## Given data
Start of Block

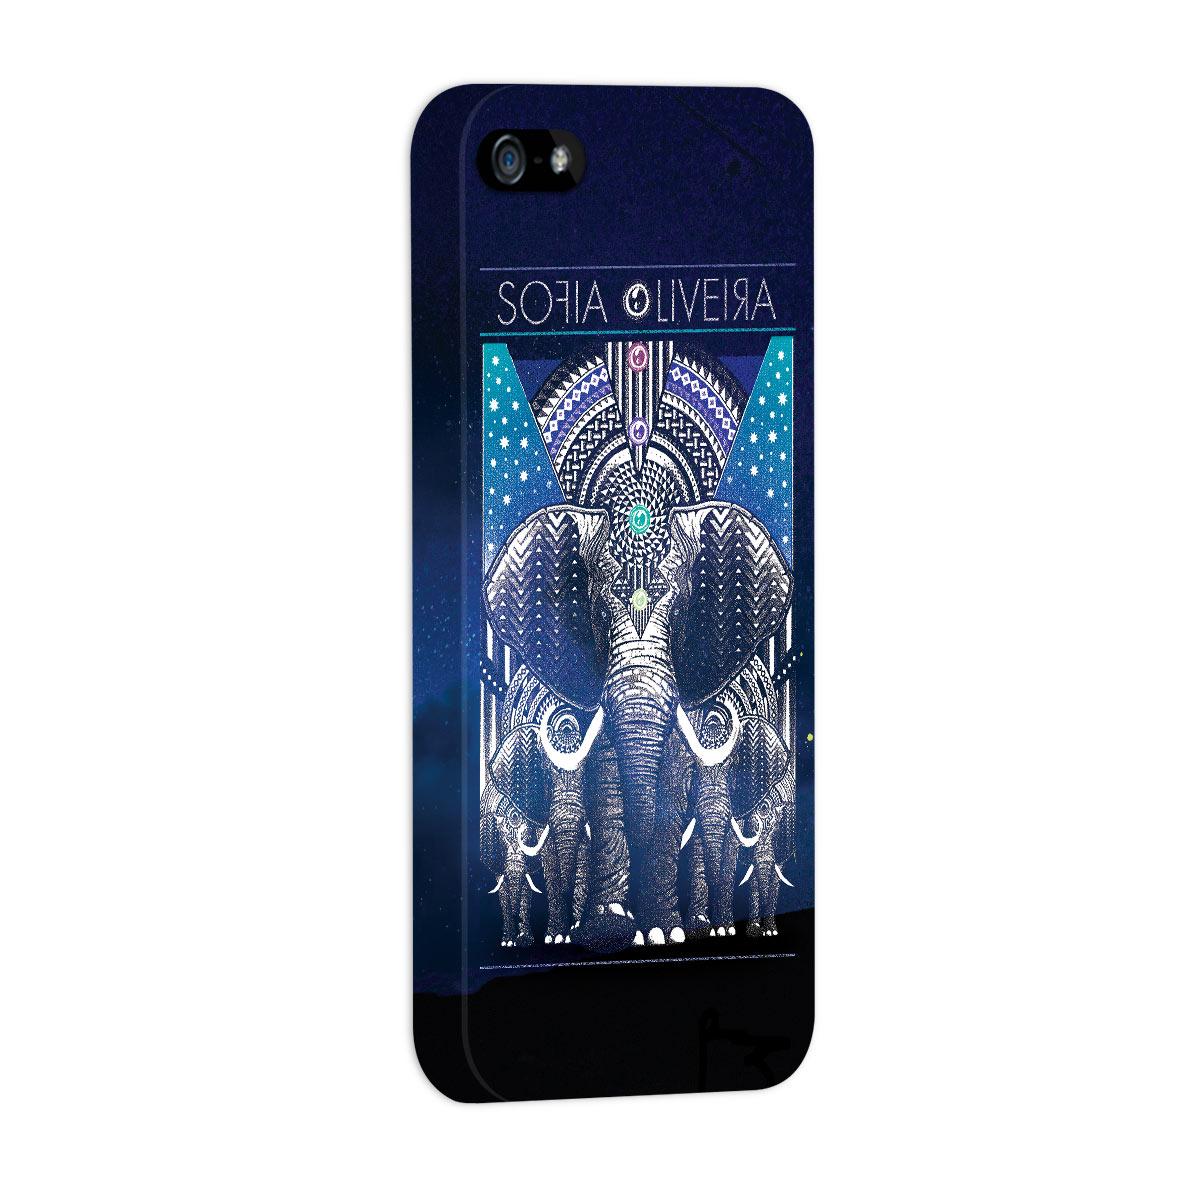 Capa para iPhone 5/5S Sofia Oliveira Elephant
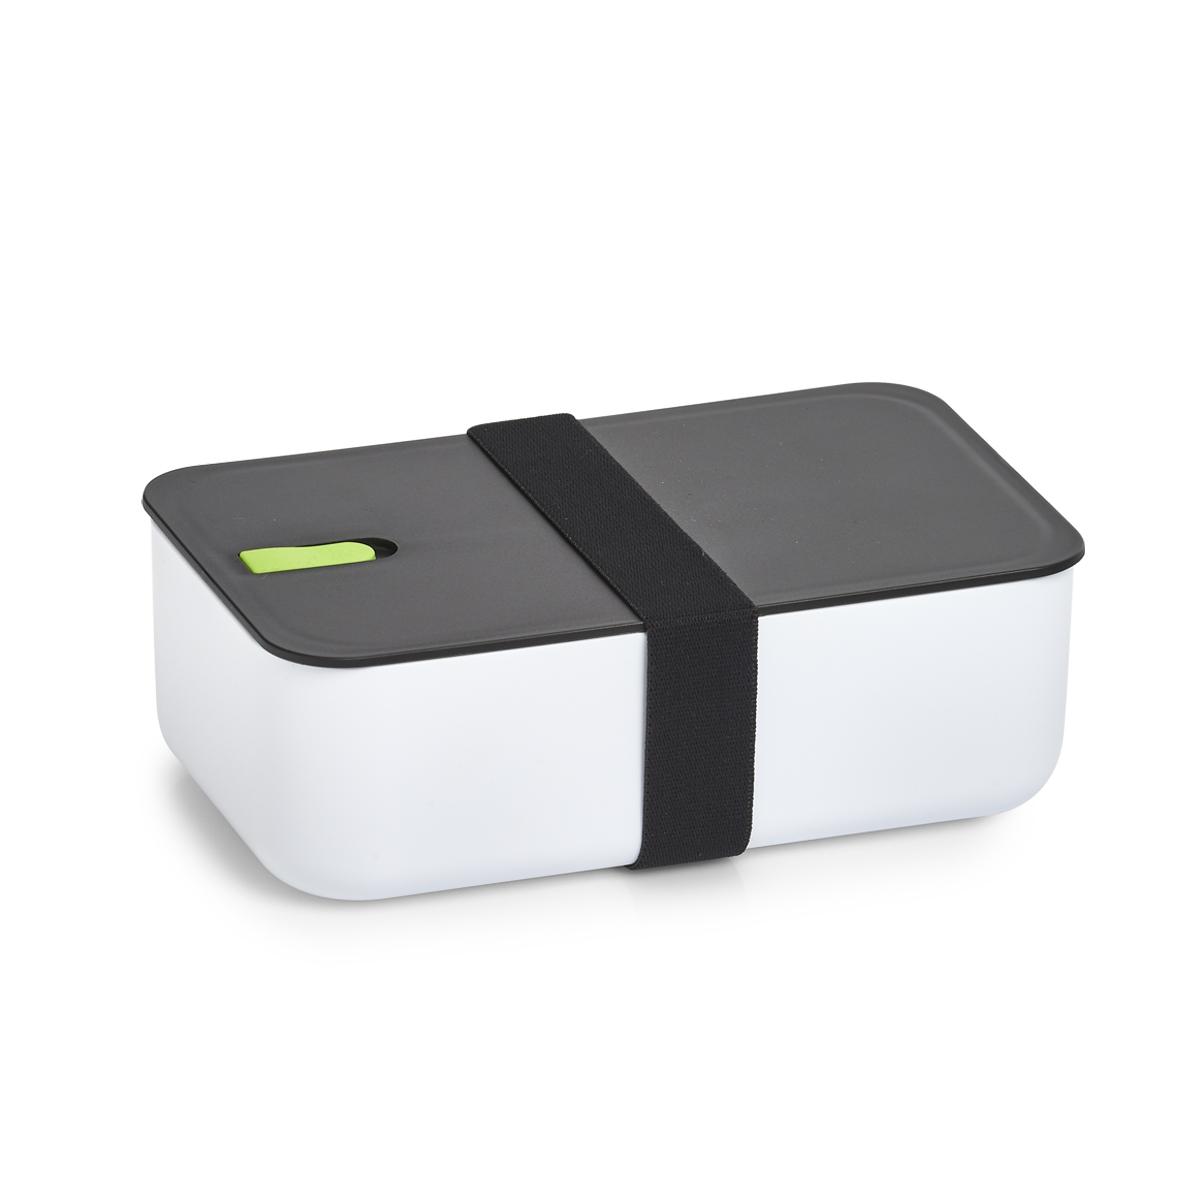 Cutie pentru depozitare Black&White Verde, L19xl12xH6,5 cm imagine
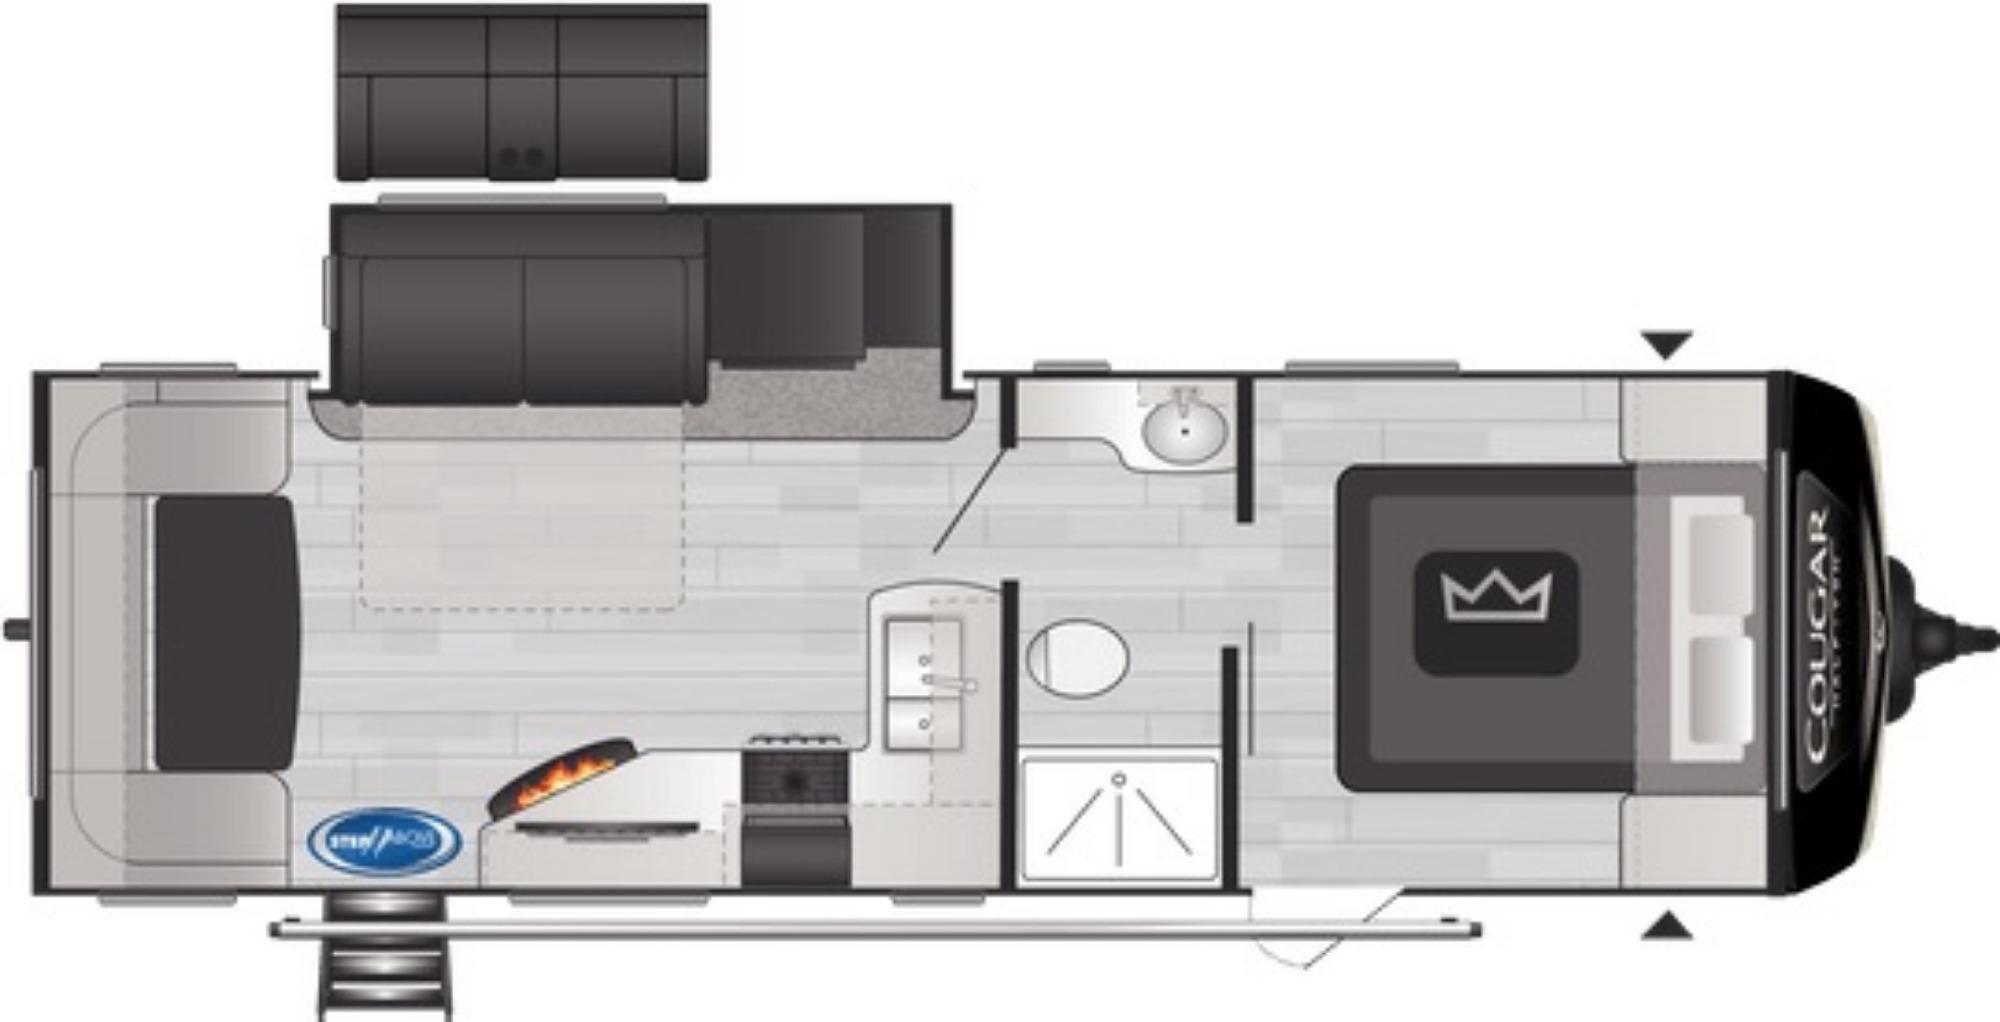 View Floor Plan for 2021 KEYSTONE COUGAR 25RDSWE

End of Block

## How to complete this task
Produce the full material again verbatim, with the pictures dropped.

## Solved problem
 Capa para iPhone 5/5S Sofia Oliveira Elephant
 Cutie pentru depozitare Black&White Verde, L19xl12xH6,5 cm imagine
 View Floor Plan for 2021 KEYSTONE COUGAR 25RDSWE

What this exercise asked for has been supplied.